> THE PROBLEM
In the records below, repeat exactly the lines between the line holding "Great Poets: The War Poetry of Wilfred Owen" and the line holding "Tall-Timber-Barn-Poconos-Wedding-Photographer_1079.jpg", inclusive, and drop the pictures.

> DATASET EXCERPTS
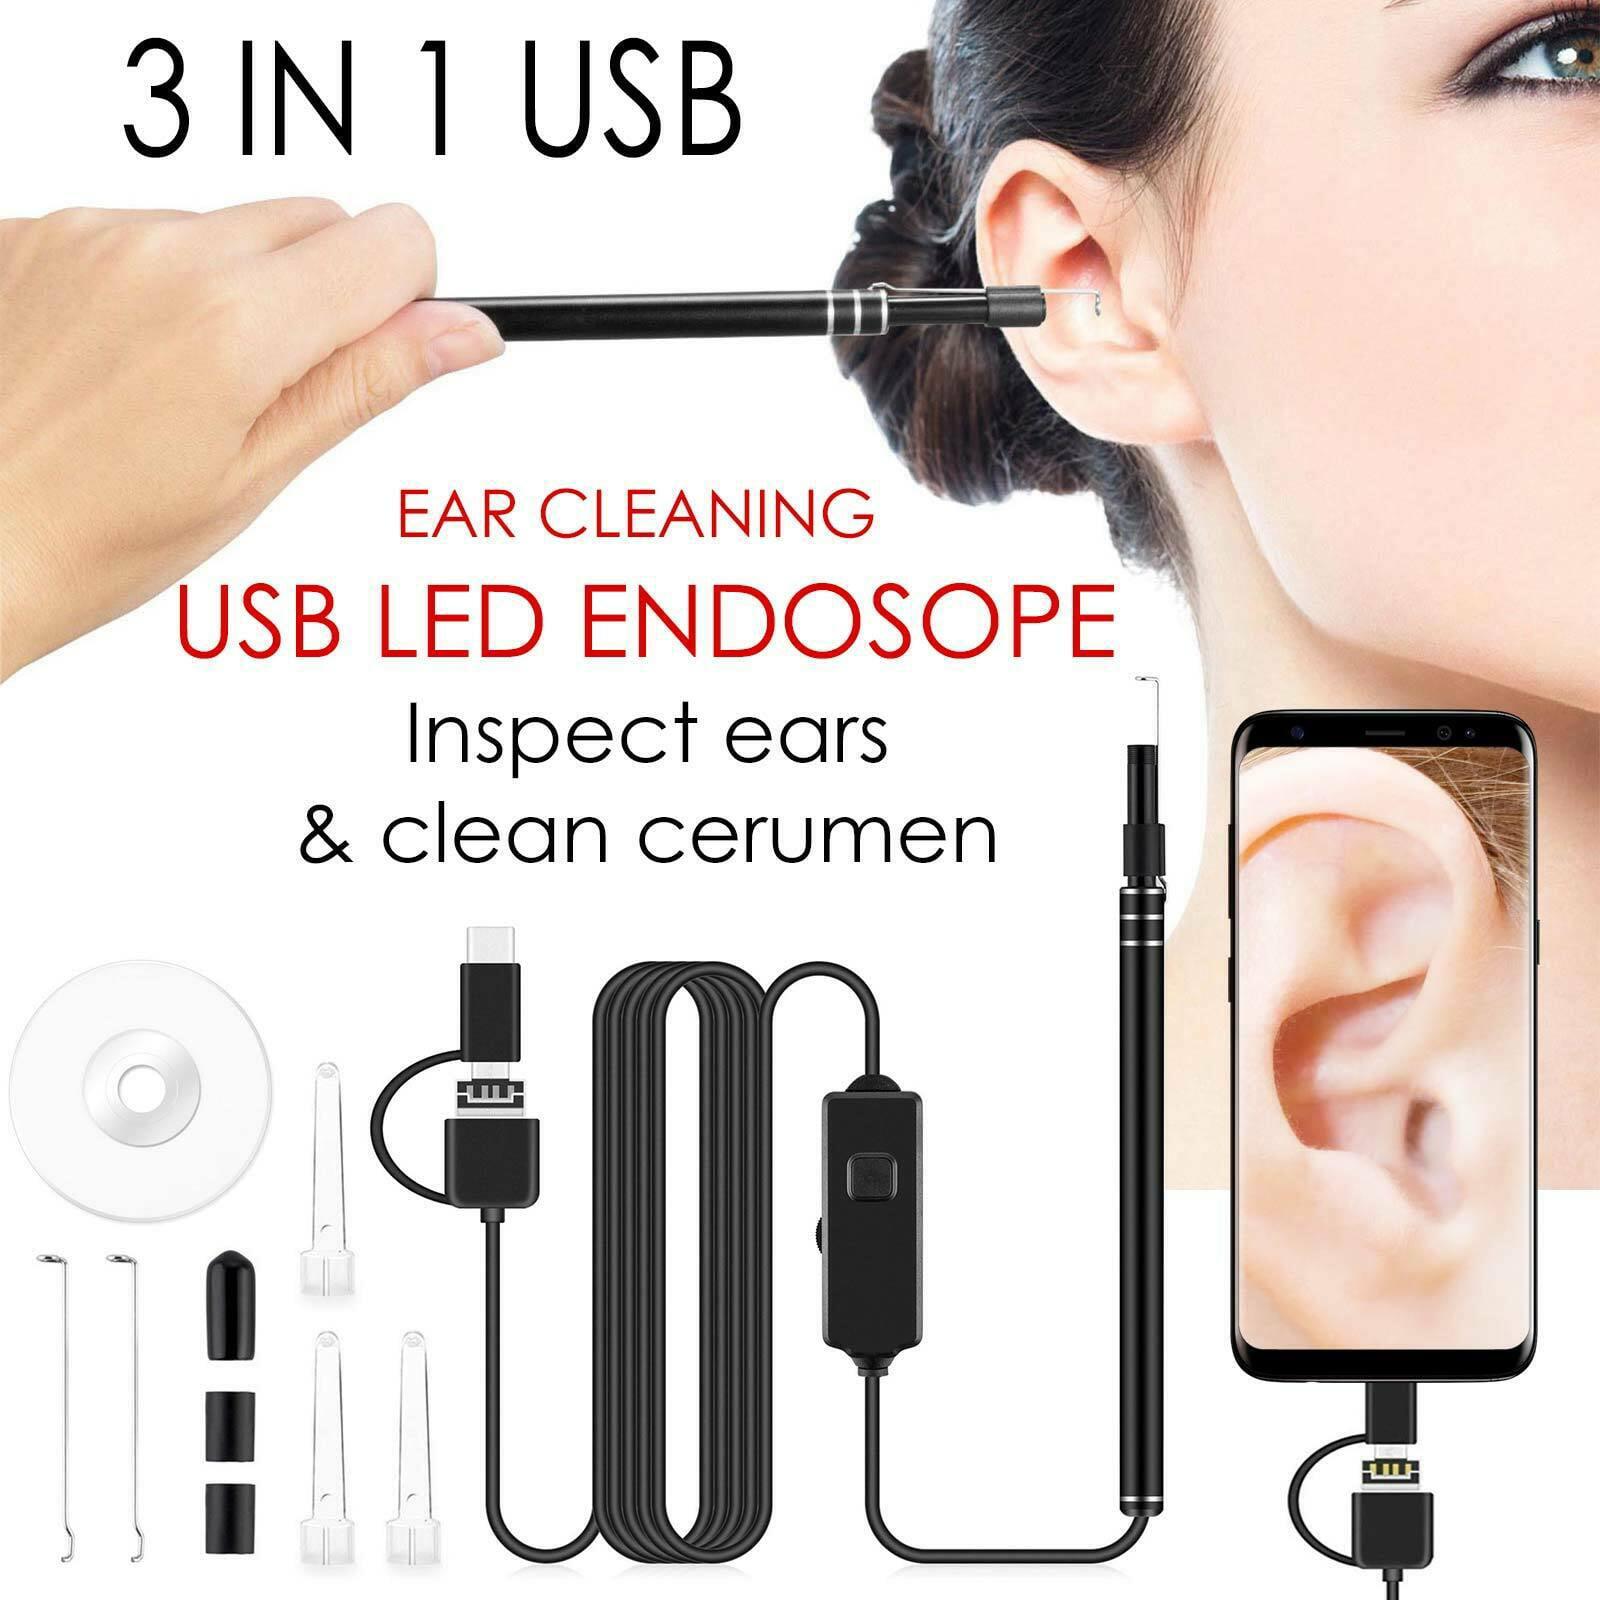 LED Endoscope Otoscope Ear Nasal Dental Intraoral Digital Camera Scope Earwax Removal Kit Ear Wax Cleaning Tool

--

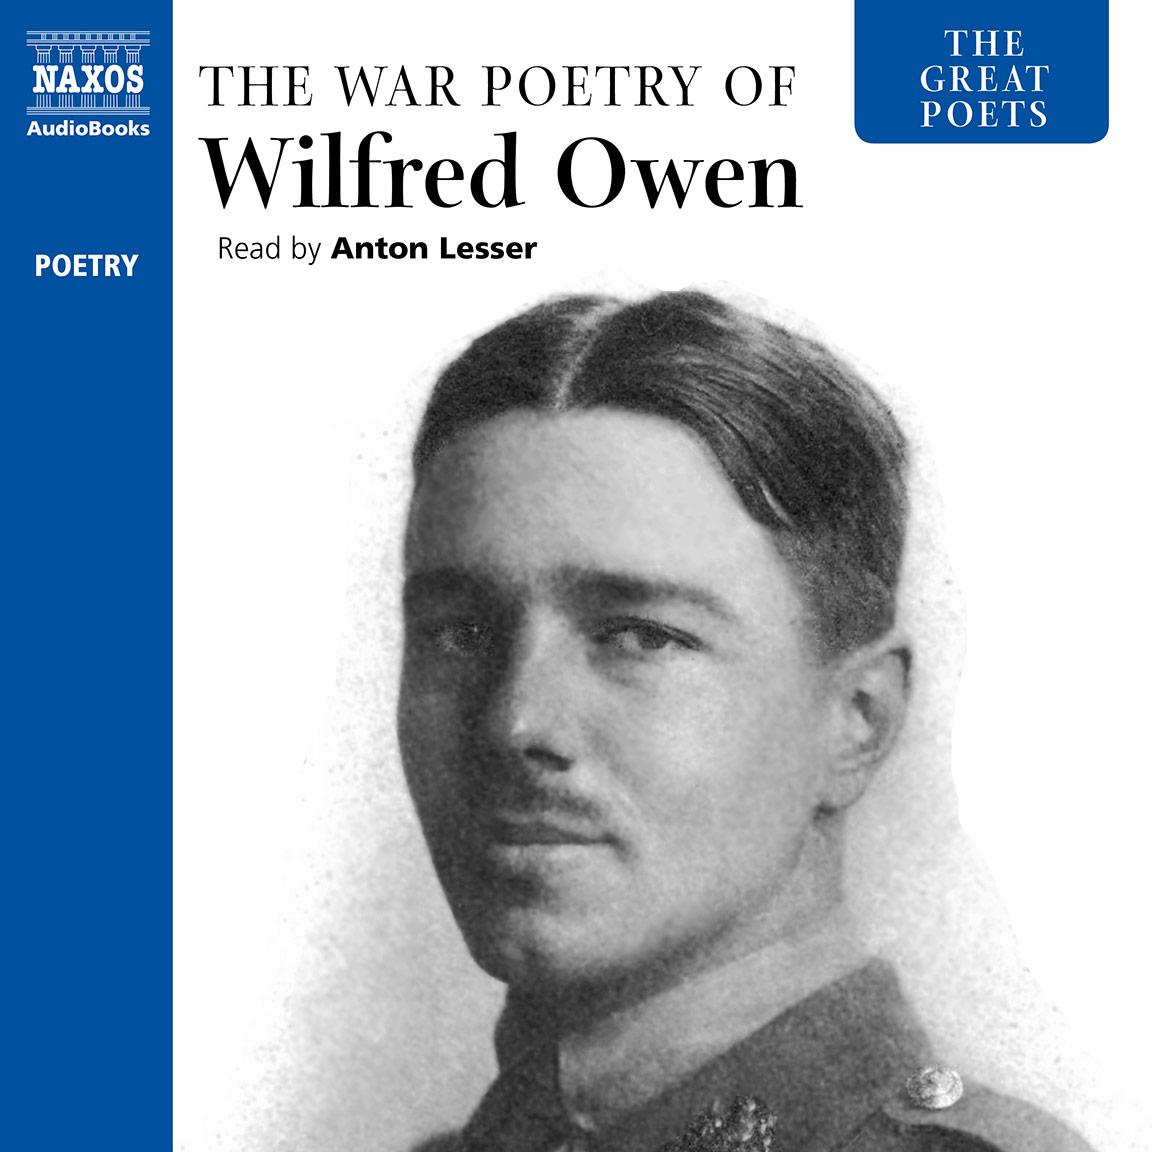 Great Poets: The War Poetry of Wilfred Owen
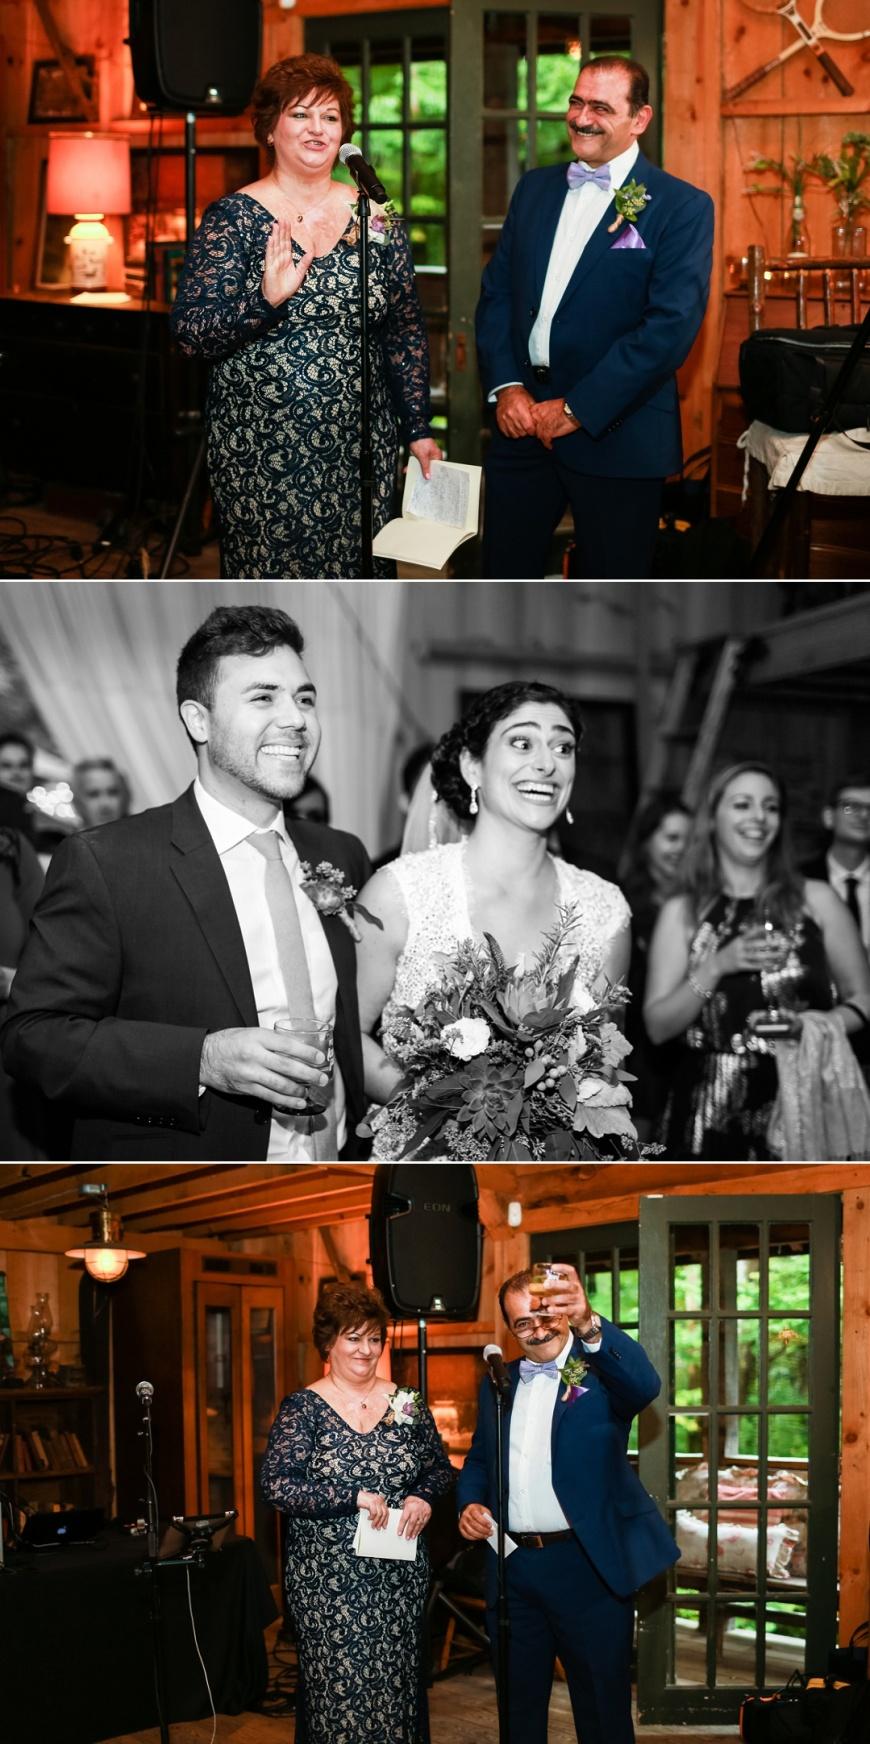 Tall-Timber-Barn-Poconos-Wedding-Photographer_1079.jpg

--

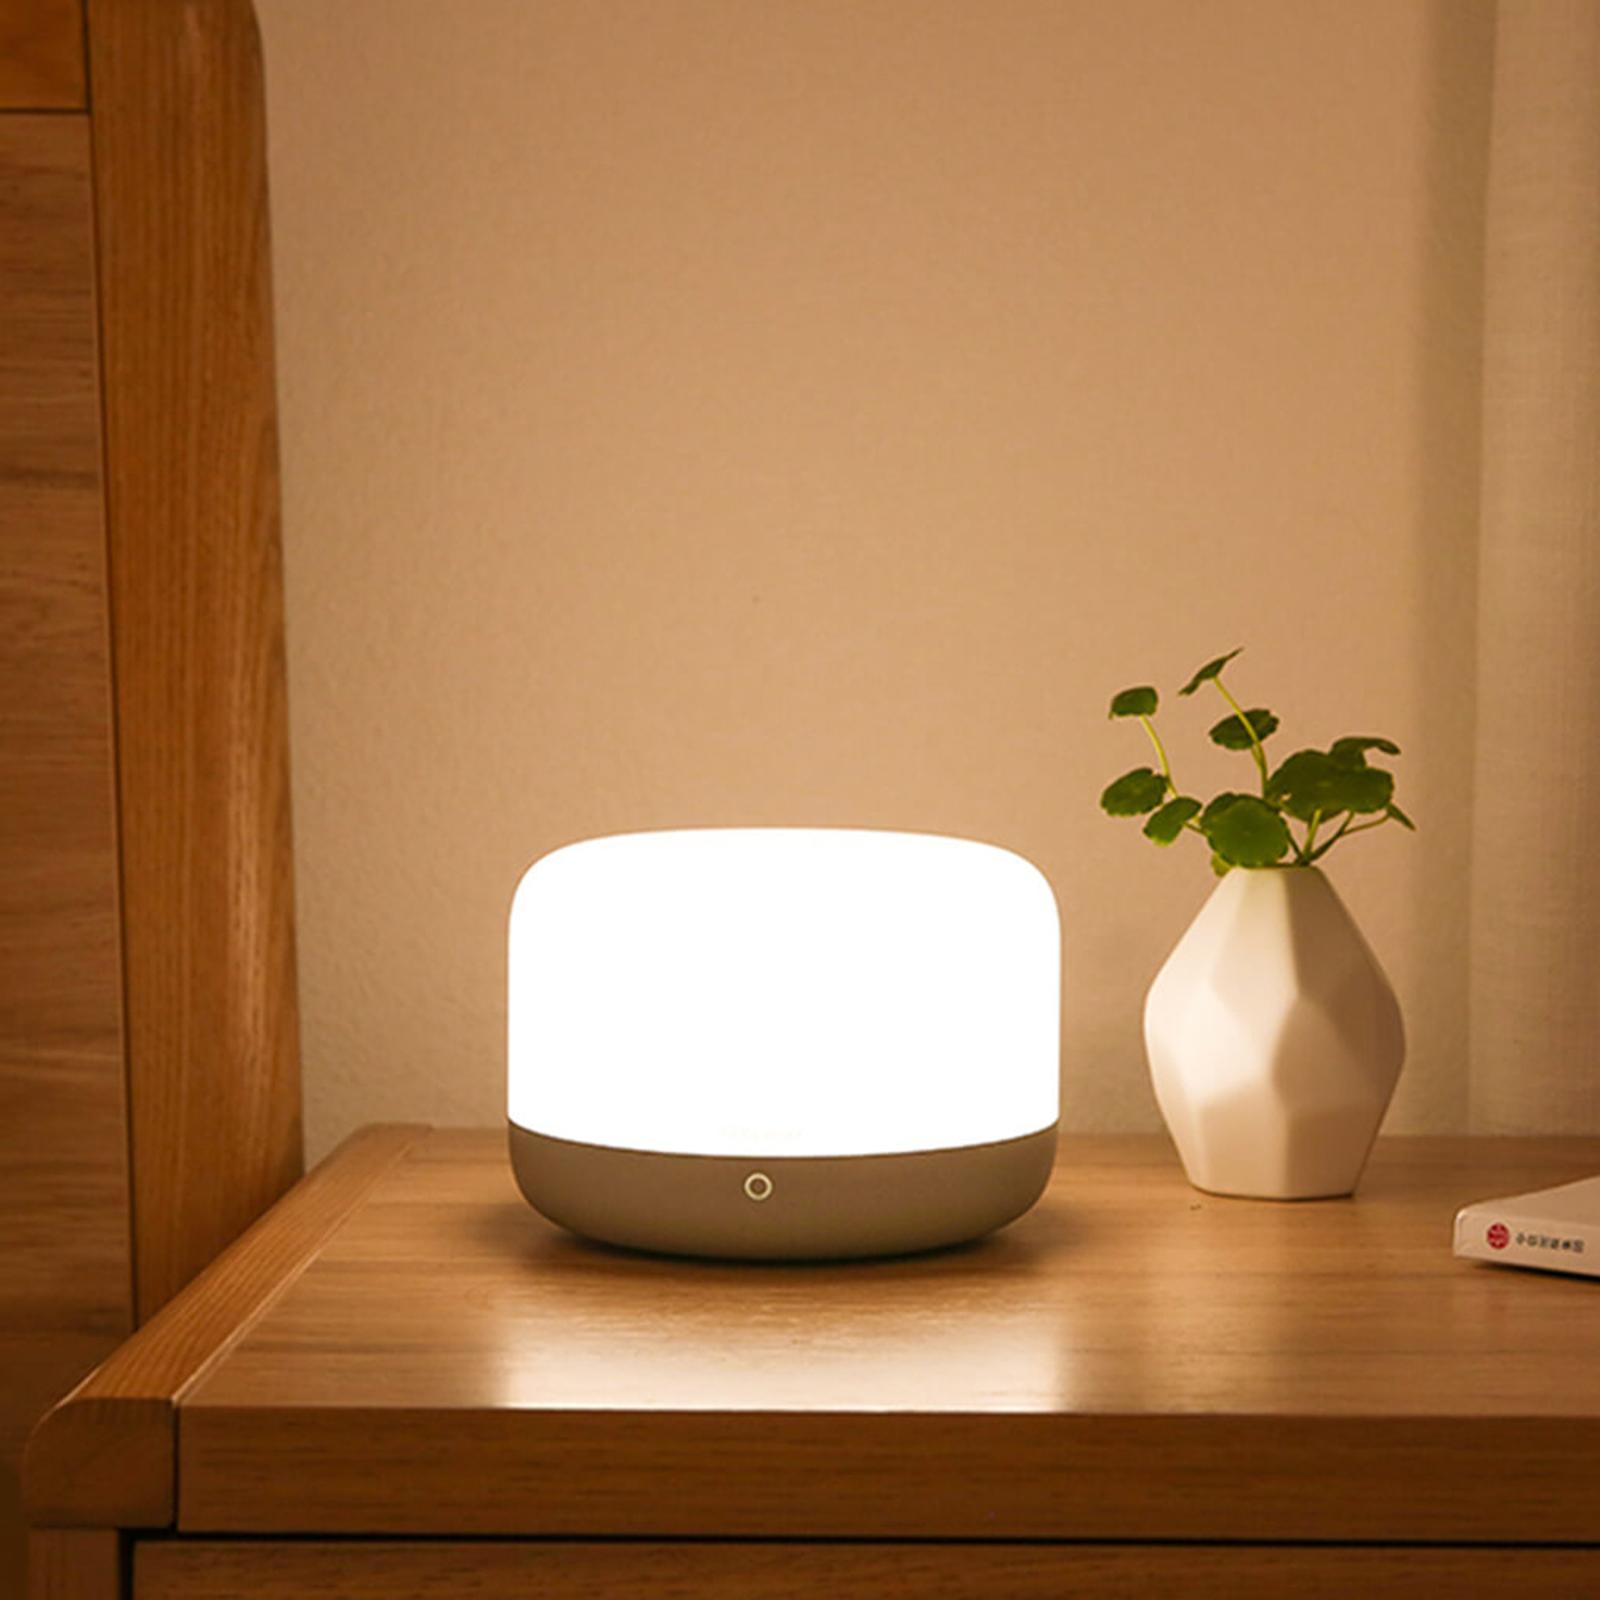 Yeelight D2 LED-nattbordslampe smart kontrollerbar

> SOLVED PROBLEM
 Great Poets: The War Poetry of Wilfred Owen
 Tall-Timber-Barn-Poconos-Wedding-Photographer_1079.jpg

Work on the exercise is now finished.